__How to complete this task__.
Output a verbatim copy of the data, cut off after the line that contains "Jumping clipart cartoon".

(Records from a data source)
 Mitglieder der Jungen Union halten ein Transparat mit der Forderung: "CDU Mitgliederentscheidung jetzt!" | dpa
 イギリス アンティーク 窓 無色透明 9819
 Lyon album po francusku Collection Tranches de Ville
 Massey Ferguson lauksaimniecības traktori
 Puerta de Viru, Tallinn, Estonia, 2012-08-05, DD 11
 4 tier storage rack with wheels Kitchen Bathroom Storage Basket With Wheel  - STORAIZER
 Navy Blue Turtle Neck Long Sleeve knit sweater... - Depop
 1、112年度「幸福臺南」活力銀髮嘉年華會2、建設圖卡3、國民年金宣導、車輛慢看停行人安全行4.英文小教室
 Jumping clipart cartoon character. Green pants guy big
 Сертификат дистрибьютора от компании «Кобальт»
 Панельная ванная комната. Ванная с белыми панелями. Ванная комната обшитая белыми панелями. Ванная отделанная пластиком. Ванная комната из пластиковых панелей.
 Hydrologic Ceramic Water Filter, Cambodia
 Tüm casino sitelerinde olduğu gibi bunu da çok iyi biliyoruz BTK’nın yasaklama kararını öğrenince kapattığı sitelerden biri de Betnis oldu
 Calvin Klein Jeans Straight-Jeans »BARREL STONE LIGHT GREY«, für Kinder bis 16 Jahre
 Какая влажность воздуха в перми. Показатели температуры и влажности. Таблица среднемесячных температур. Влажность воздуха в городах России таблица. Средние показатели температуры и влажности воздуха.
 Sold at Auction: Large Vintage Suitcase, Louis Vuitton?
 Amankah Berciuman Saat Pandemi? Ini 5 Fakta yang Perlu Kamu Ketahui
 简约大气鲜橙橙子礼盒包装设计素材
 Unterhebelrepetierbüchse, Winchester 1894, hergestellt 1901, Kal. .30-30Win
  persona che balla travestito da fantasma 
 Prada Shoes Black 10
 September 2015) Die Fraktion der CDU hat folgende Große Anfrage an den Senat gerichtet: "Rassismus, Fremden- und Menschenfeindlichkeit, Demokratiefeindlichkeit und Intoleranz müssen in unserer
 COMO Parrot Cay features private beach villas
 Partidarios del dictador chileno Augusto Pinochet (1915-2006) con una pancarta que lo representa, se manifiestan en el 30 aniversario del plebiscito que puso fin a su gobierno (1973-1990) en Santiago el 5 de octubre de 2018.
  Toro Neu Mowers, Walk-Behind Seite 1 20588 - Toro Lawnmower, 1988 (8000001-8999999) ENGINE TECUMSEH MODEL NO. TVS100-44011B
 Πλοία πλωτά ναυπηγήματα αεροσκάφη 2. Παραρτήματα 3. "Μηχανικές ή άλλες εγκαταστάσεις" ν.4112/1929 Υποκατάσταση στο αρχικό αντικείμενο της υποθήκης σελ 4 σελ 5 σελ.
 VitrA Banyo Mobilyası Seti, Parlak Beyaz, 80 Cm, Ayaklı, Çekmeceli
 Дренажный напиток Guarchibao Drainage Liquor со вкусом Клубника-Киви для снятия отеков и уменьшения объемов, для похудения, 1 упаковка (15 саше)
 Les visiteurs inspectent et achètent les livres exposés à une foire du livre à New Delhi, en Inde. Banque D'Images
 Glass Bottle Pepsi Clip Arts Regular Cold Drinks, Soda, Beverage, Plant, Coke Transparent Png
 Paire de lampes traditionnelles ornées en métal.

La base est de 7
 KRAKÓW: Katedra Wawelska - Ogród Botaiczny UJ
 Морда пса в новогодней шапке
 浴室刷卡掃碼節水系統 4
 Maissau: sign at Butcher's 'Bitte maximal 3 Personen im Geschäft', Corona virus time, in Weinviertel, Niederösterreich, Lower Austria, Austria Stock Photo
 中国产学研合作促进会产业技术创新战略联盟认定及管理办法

__Finished task__.
 Mitglieder der Jungen Union halten ein Transparat mit der Forderung: "CDU Mitgliederentscheidung jetzt!" | dpa
 イギリス アンティーク 窓 無色透明 9819
 Lyon album po francusku Collection Tranches de Ville
 Massey Ferguson lauksaimniecības traktori
 Puerta de Viru, Tallinn, Estonia, 2012-08-05, DD 11
 4 tier storage rack with wheels Kitchen Bathroom Storage Basket With Wheel  - STORAIZER
 Navy Blue Turtle Neck Long Sleeve knit sweater... - Depop
 1、112年度「幸福臺南」活力銀髮嘉年華會2、建設圖卡3、國民年金宣導、車輛慢看停行人安全行4.英文小教室
 Jumping clipart cartoon character. Green pants guy big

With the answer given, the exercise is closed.